Мне хотелось бы думать, что некоторые мои нервные тики пропали еще в старших классах, но мои школьные фото доказывали обратное. "Если на этой фотографии тебе подрисовать глаза, будет вполне сносно", — говаривала моя мать. На групповых снимках мое местоположение легко было вычислить по смазанному пятну в заднем ряду. Какое-то время я думал, что, если к моим чудачествам добавить привычку странно одеваться, меня будут считать не просто тормознутым, а эксцентричным. Как я ошибался… Только абсолютный идиот мог разгуливать по коридорам моей школы одетым в балахон, полы которого волочились по полу; а бесчисленные медальоны, висевшие на моей шее, вполне справлялись с ролью коровьего колокольчика. Они брякали и звякали с каждым движением моей головы, привлекая всеобщее внимание, тогда как без них меня могли бы и не заметить. Через мои непомерно большие очки было лучше видно мои вечно вращающиеся глазки, а тяжелые ботинки на платформе оставляли шишки на моем лбу, даже если я хлопал себя с большой осторожностью. В общем видок у меня был еще тот.
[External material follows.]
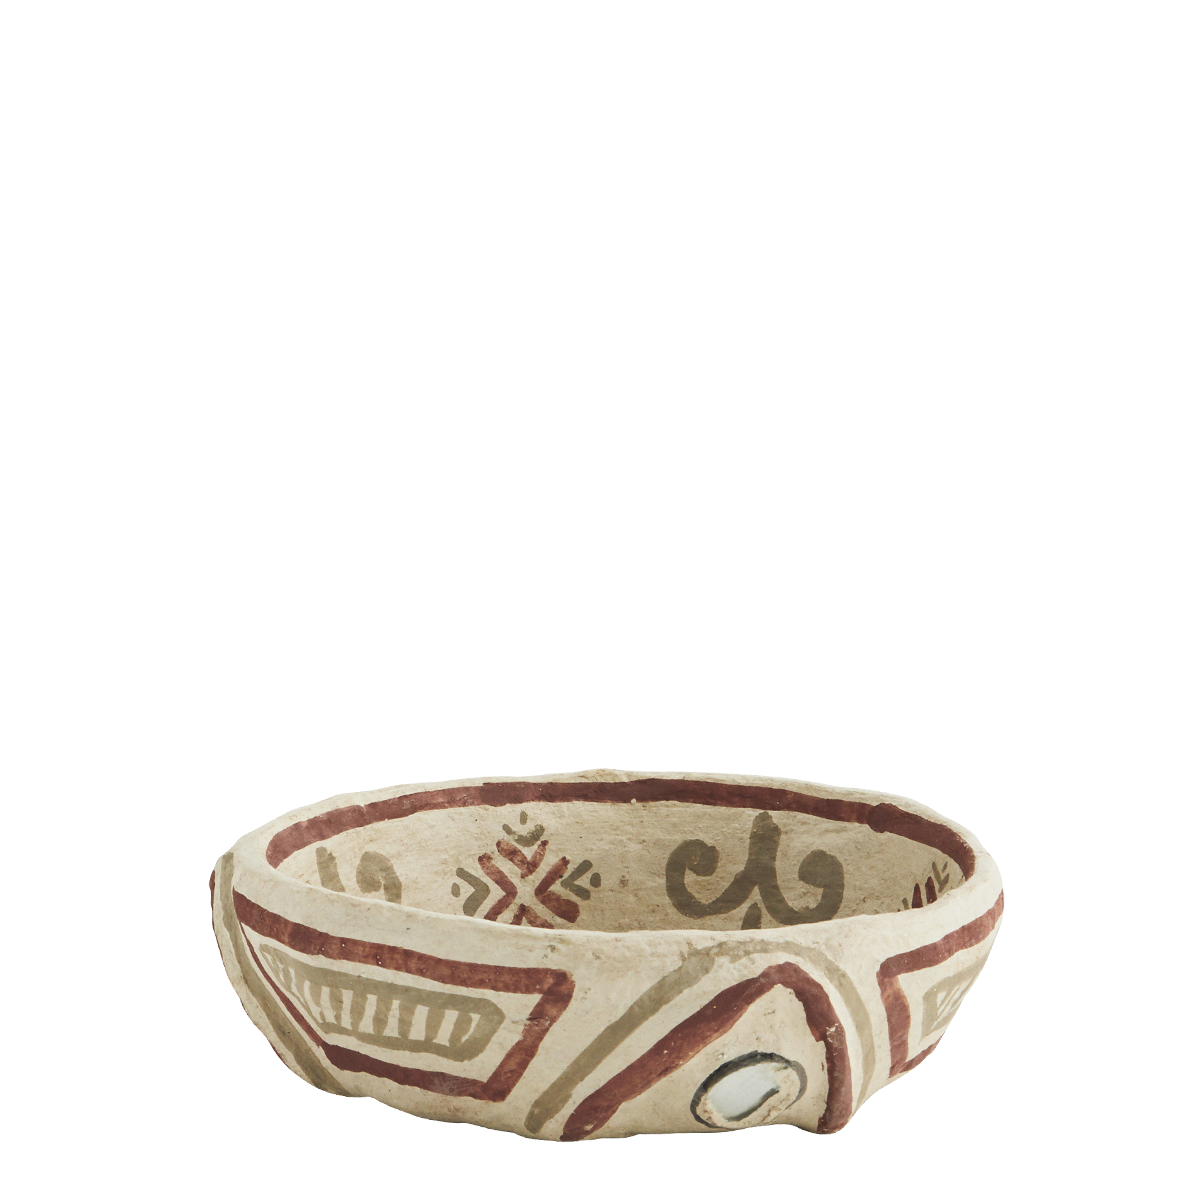 Handpainted paper mache bowl

Возможно я ошибаюсь, но, согласно моим подсчетам в течение первого года, проведенного в колледже, я спал всего 14 минут. Все это время у меня была собственная спальня, стерильно чистое тщательно прибранное место, где я мог в одиночестве предаваться своим занятиям. Теперь же мне предстояло жить в обществе другого студента, абсолютно незнакомого мне человека, который будет нарушать привычный для меня ход вещей своим богом данным правом на существование. Эта мысль просто убивала меня, и я прибыл в университет в полном ступоре.
— Врачи говорят мне, что если я буду стараться, есть шанс, что моя опухоль мозга уменьшится до такого размера, что ее не придется оперировать, — сказал я, когда мой сосед увидел, как я трясу головой. — Тогда как другие специалисты утверждают, что я должен делать вот такие упражнения для глаз, так как они укрепляют так называемое "роговичное волокно", что бы там это не значило. В общем, нет мне ни минуты покоя, но что тут поделать? Да ладно, заходи, располагайся как дома. А я пока проверю вон ту розетку кухонным ножом и переставлю некоторые вещички у себя на тумбочке. Ээээээээ-то просто. Я всегда так делаю-ууууууууууууу.
Выдумывать оправдания было мучительно, но настоящая агония началась у меня, когда мне пришлось отказаться от моих любимых перекатываний.